Comment Re:Cloning is portrayed as complicated?? (Score 1) 116

You haven't been using it long enough so. There was a point in time were svn supported using merge but failed to record any information about what had been merged to where. So if your repeated the operation, you got a giant clusterphuck of a result. Same thing applied to subsequent merges, since there was no information stored in subversion you had to know beforehand which revisions were previously merged.

The consequence of this was that many teams ended up having to create custom tools to perform the merge and record the information somewhere else, or require that developers recorded which revisions were merged in the commit message.

The subversion developers eventually realised their mistake and added internal metadata to handle, so that if you merged r100 of branchA to branchB, and then subsequently tried to merge r200 of branchA to branchB, subversion would realise that everything prior to, and including r100 on branchA was already merged, and it need only merge the differences between r100 and r200.

Oddly enough though, by then most devs had already abandoned it for just about anything else that had sane merging.

Comment Re:Problem: DirectX lock-in (Score 1) 880

I don't think that will be as big as problem as you think. PS3, Mac, Andriod and iOS are all OpenGL based devices. Xbox and Windows PC's are the only ones that are DirectX. Anyone developing games these days that use an engine that can only compile a game for DirectX is locking themselves out of a sizeable market.

I think the Mac is what has tipped things, enough titles are starting to support OSX on the desktop/laptop, that the hurdle to making the game work on Linux becomes much smaller. I see quite a few that are quite a few already on steam (~380) that support OSX.
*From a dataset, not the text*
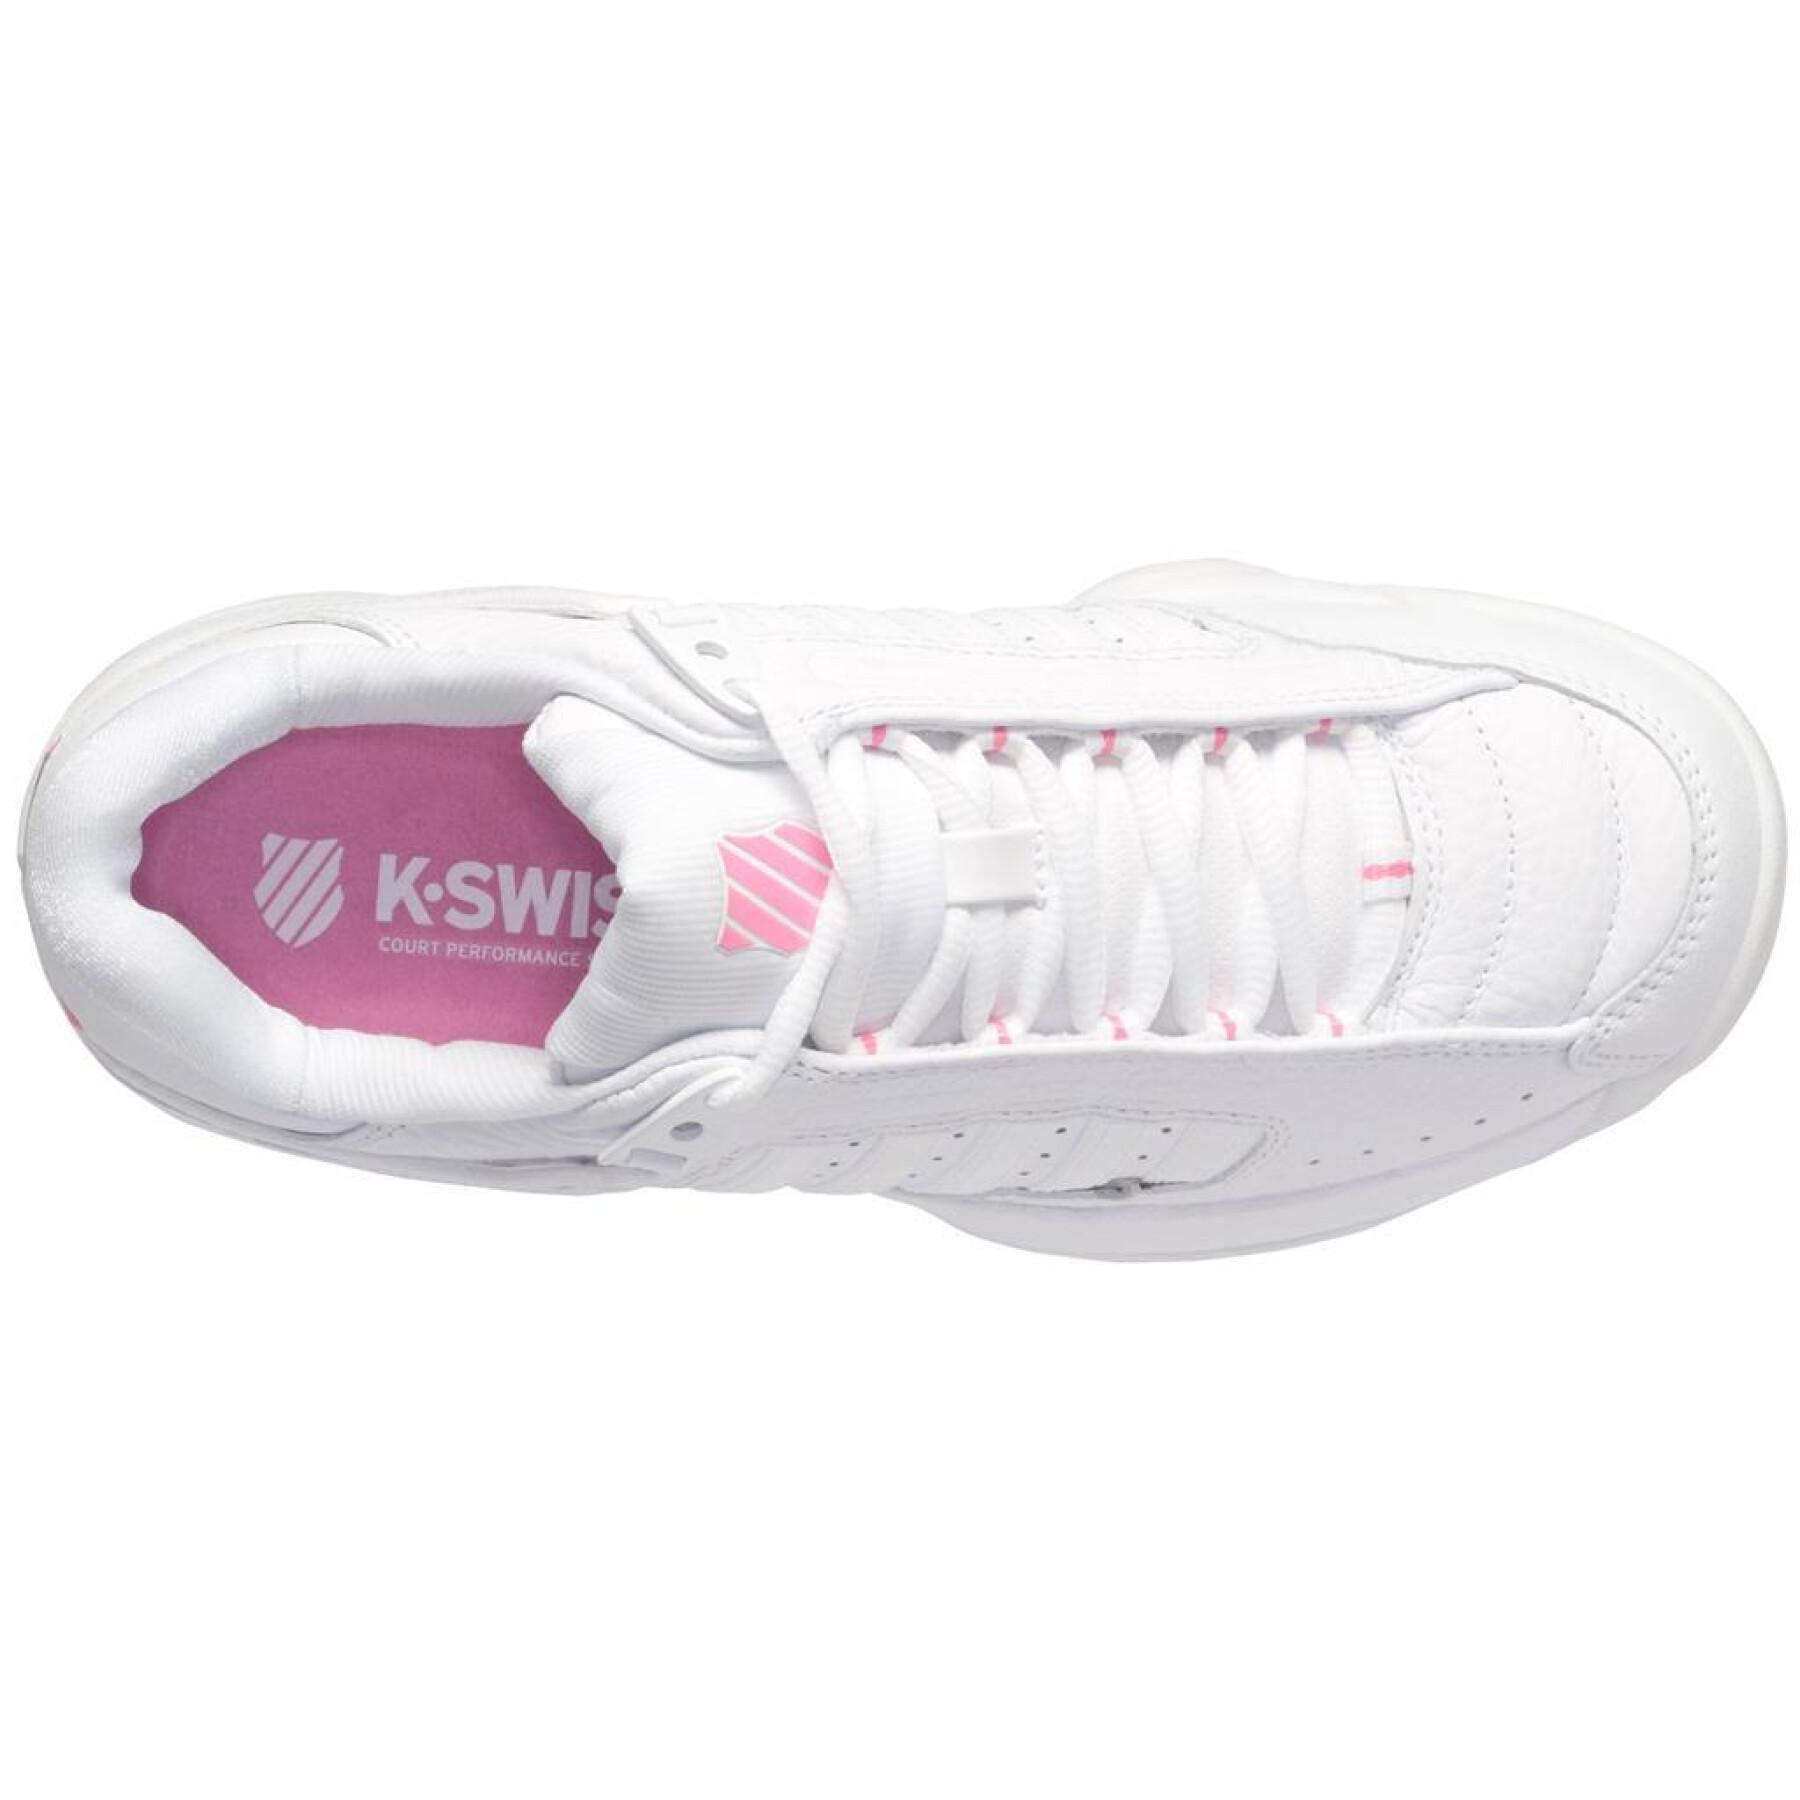 Women's tennis shoes K-Swiss Defier Rs

Of course any of the older games using dosbox, will be straight forward to port :)

The real difficulty will be in building into steam the necessary diagnostics to determine, what needs to be configured correctly on the various distributions to allow the ported games to work perfectly without the various developers getting inundated with complaints as to their game being a big ball of crappiness on Linux.

Comment Re:Another case of "do what i say, and not what I (Score 1) 220

They did pay him for the work he did, but they attached that it would only be played at one event to the terms and conditions, ostensibly to keep the price down.
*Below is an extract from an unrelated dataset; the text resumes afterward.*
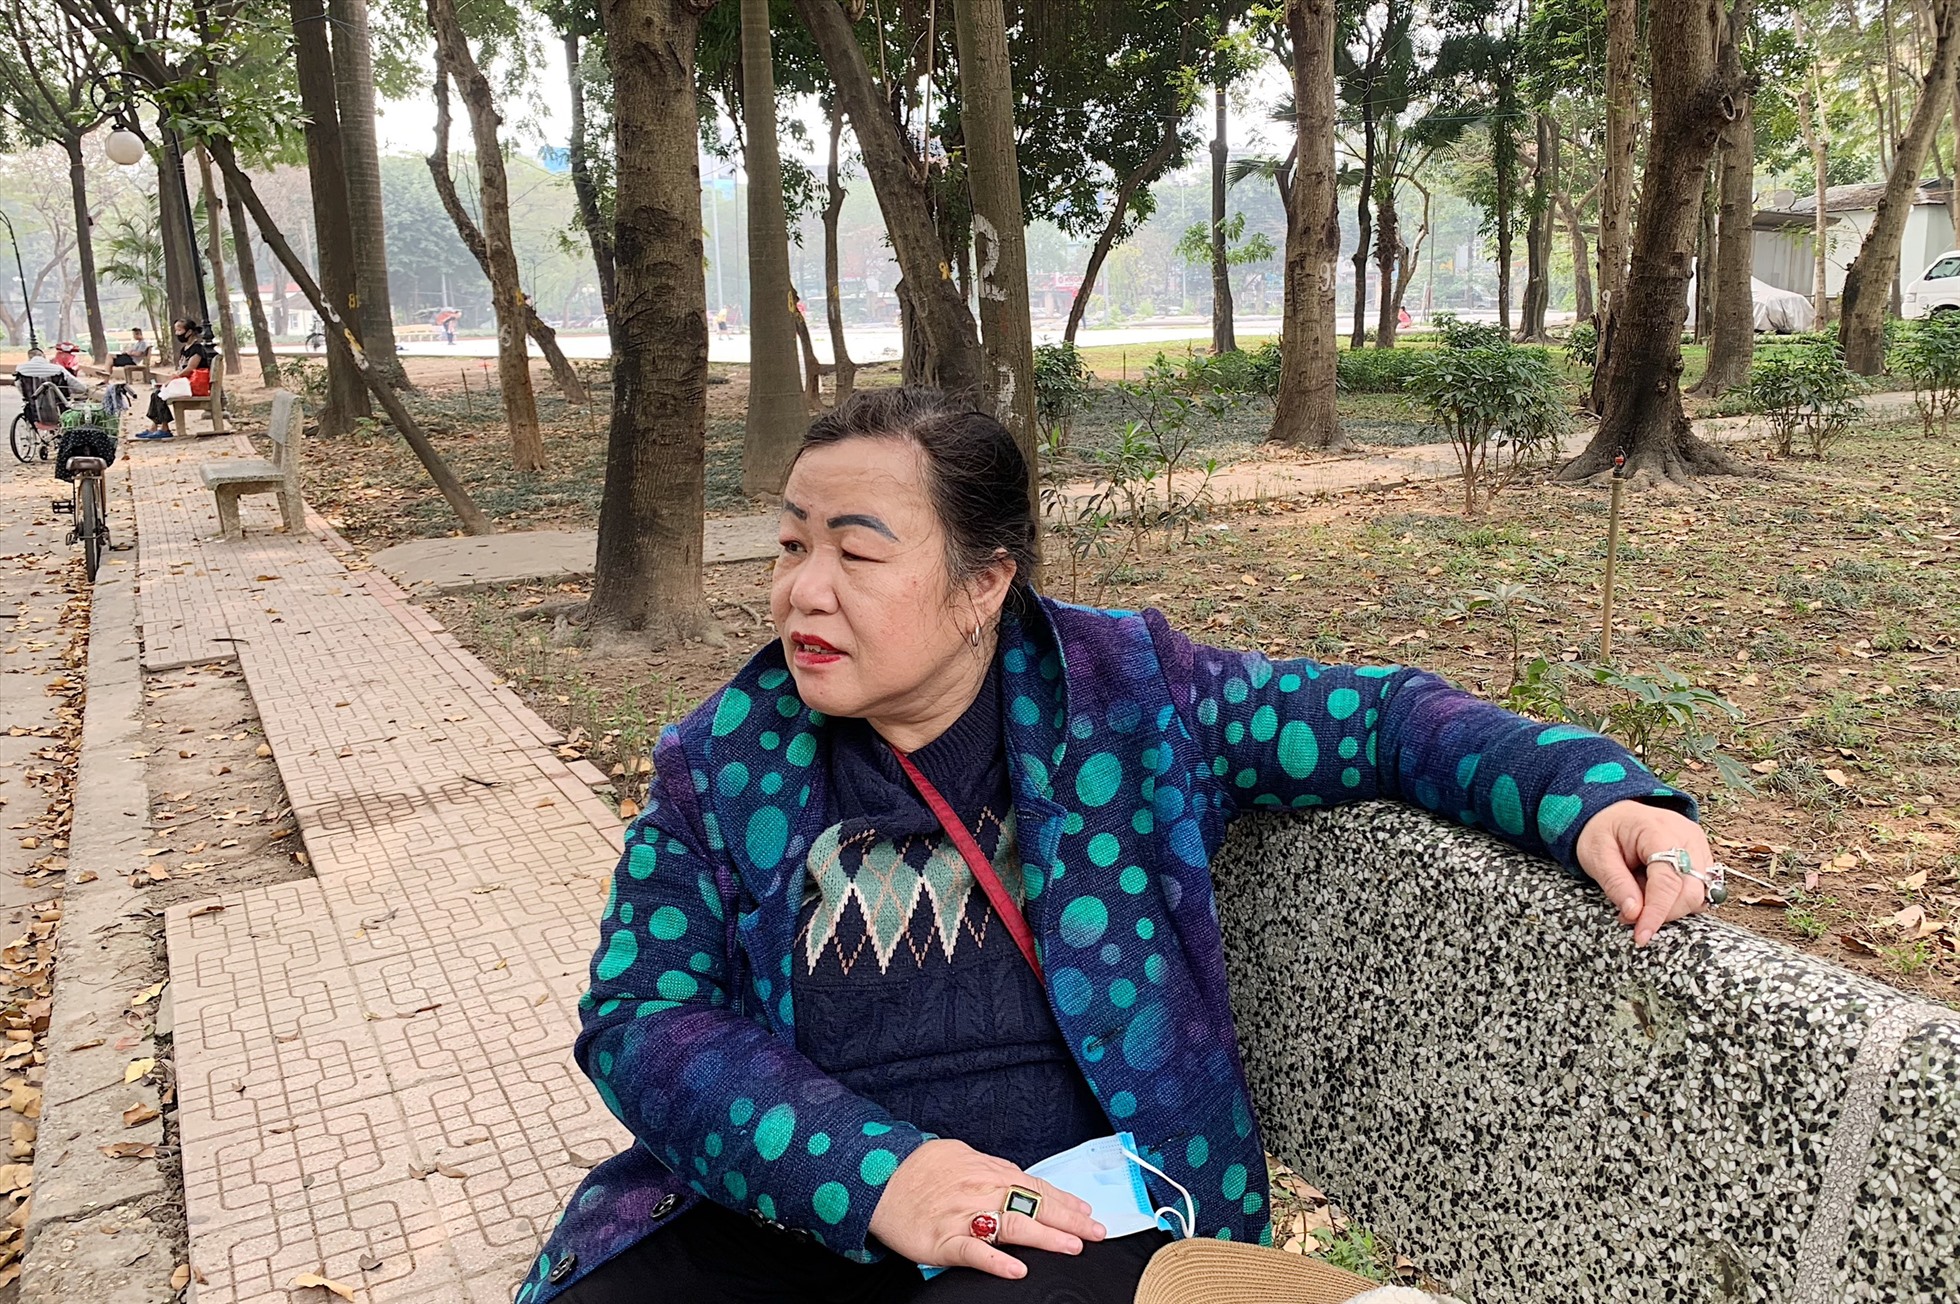 Bà Phạm Thúy Hằng chia sẻ về việc xuống cấp tại Công viên Tuổi trẻ. Ảnh: Thu Hiền

They could have negotiated an agreement to be able to reuse his composition as often as desired, anywhere in the world for a flat initial fee. Obviously that would have been more expensive, but it was an option they decided not to take.
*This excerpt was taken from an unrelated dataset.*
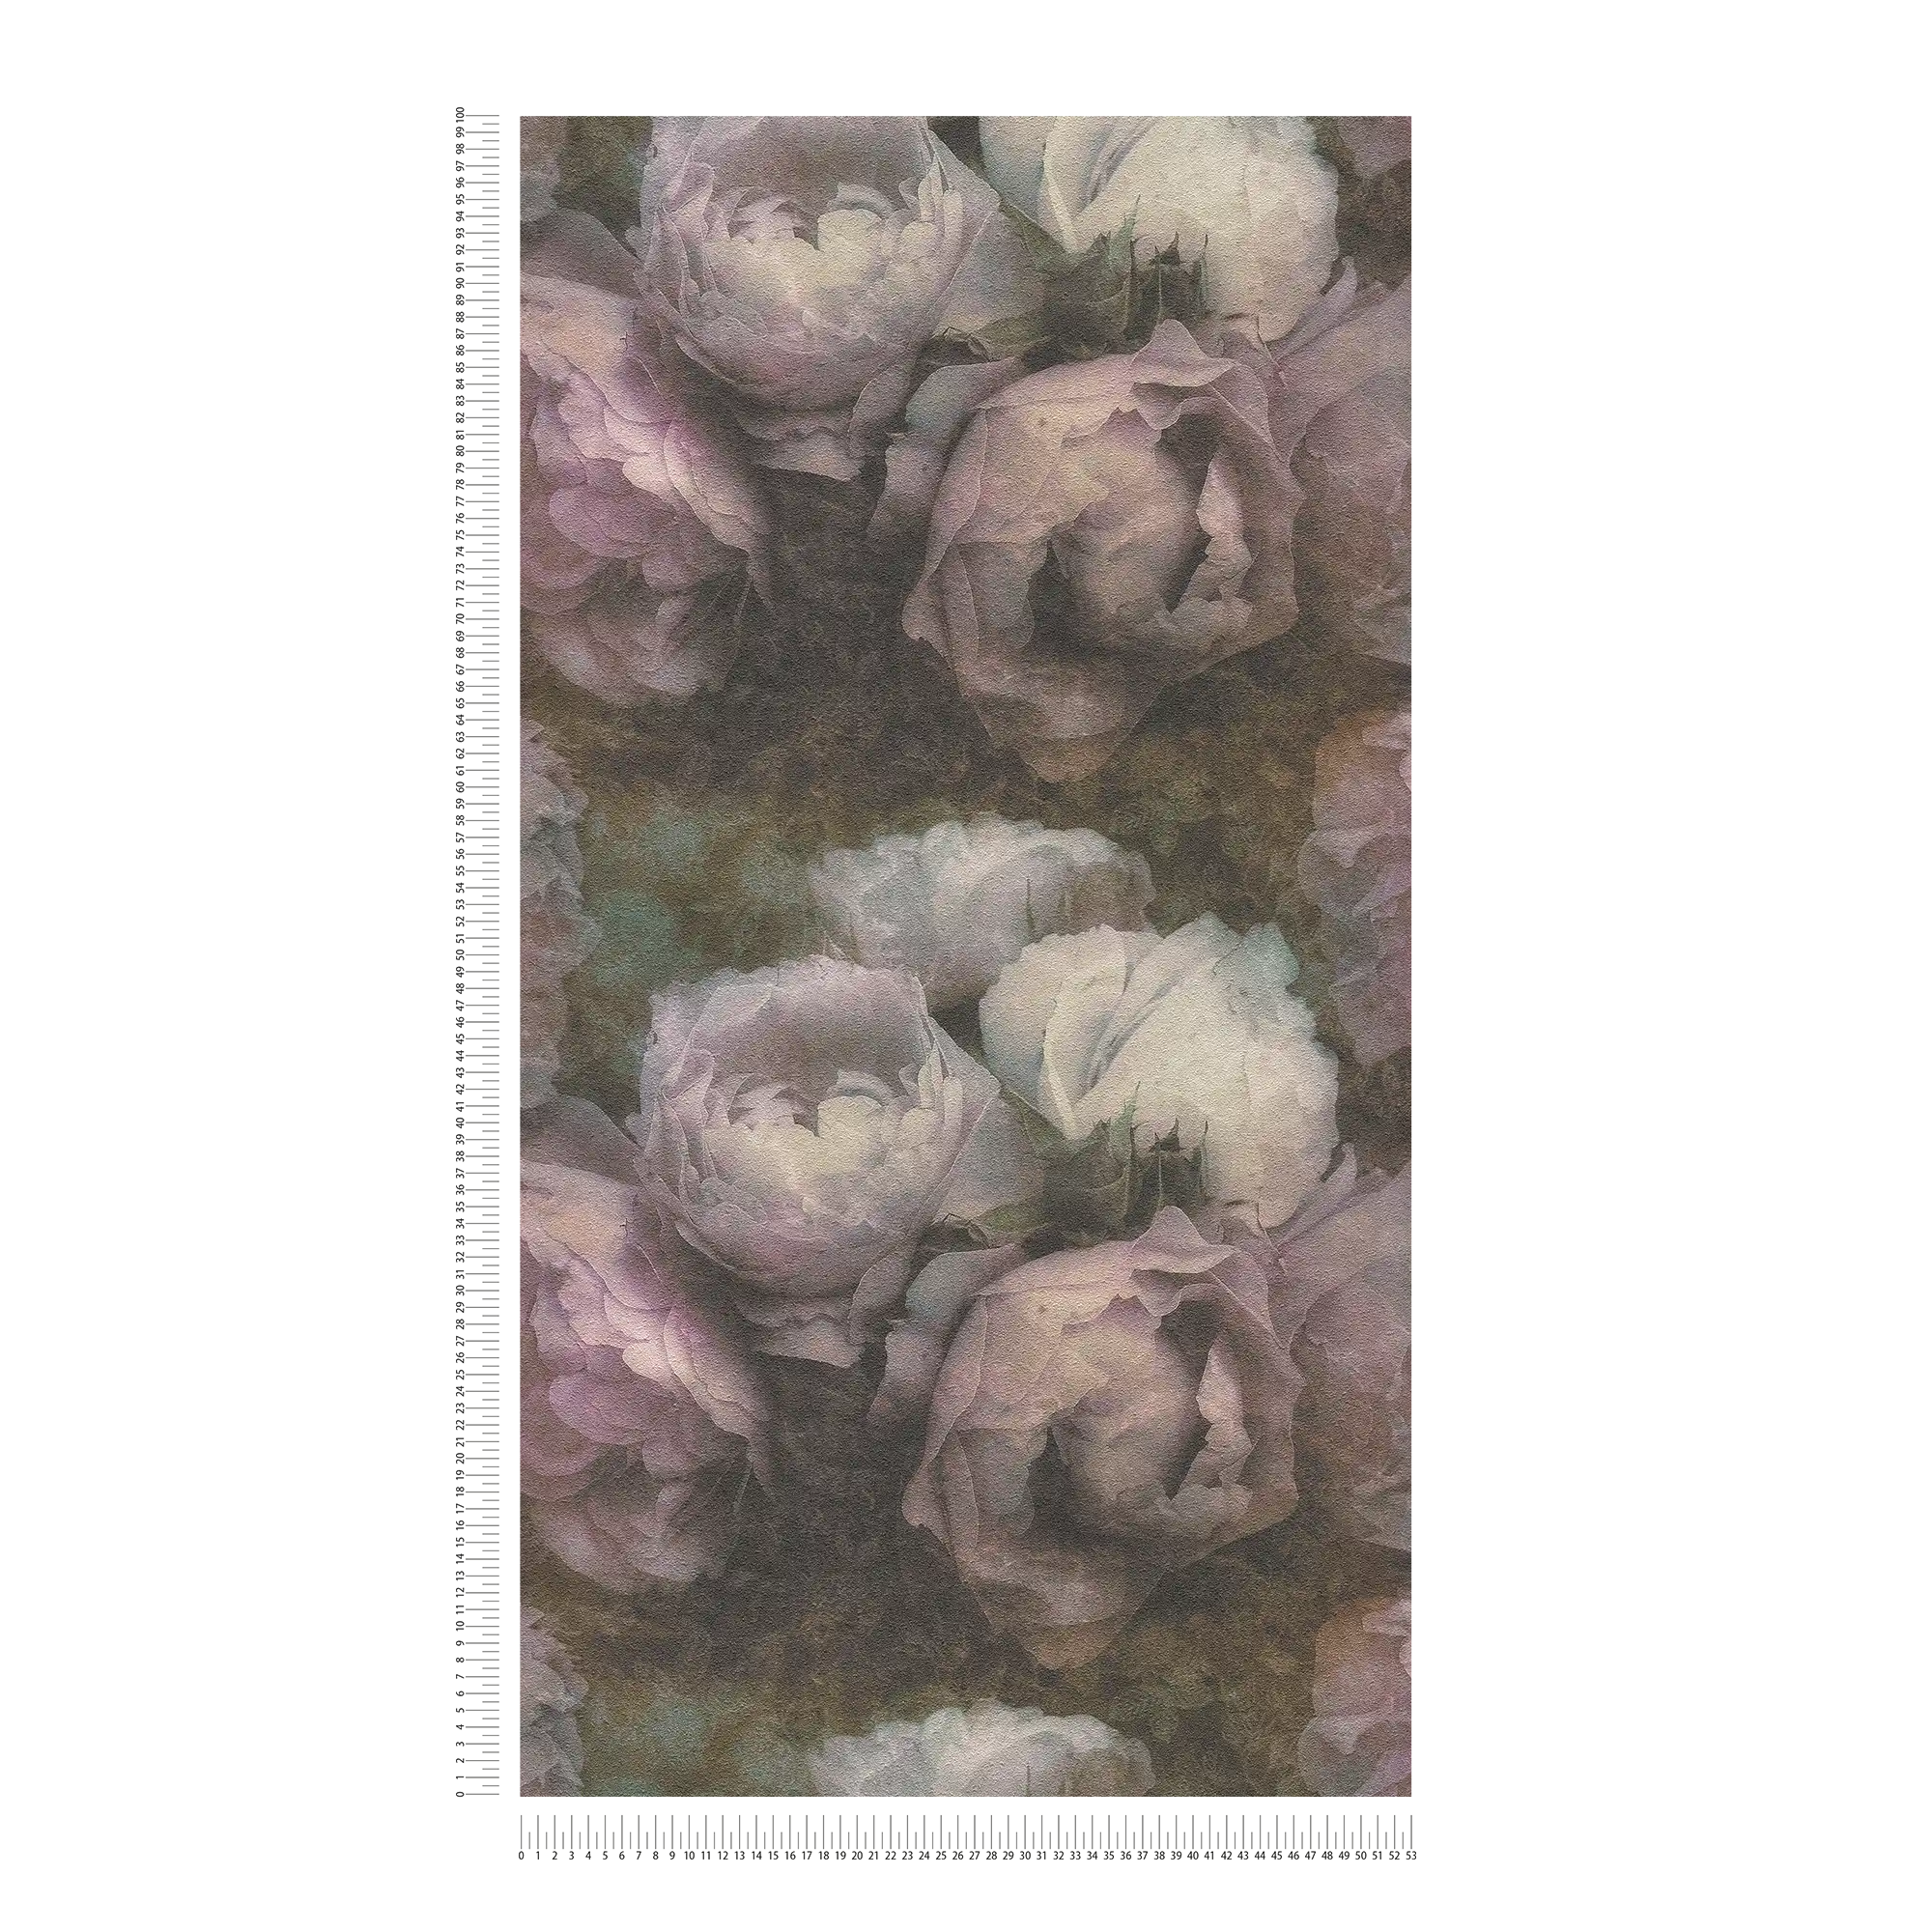             behang pioenrozen in vintage stijl - violet, grijs, wit

In lieu of such a world wide reuse as needed agreement, the default is that they pay royalties. There is nothing and has been no restriction against groups hiring musicians and composers for work that is signed over to the payee for a flat fee. But since in most cases they don't know if it will be worth the investment, the companies involved generally don't and instead opt for paying royalties. After all what would have been the point of paying a significant fee for a worldwide infinite reuse (sign over copyright) on his work if it did only end up being used at a small event.

Comment Re:Skeptical != Scientific (Score 1) 409

I noticed that they also neglected to mention just how much height had been added to the peaks in the last 10 years. From wikipedia "This leads to the Himalayas rising by about 5 mm per year, making them geologically active". So that would be somewhere around 5cm of extra height, which over the size of the Himalayas is a fair chunk of land moving up past the snow/ice line.

For there to be less ice + snow on the peaks it would indicate a drastic change in climate that moved the snow line up more than 5cm. It should be growing, the question is, is the increase in line with the snow line remaining at the same point on average, or is the growth in the Himalayas just sufficient to exceed the movement of the snow line.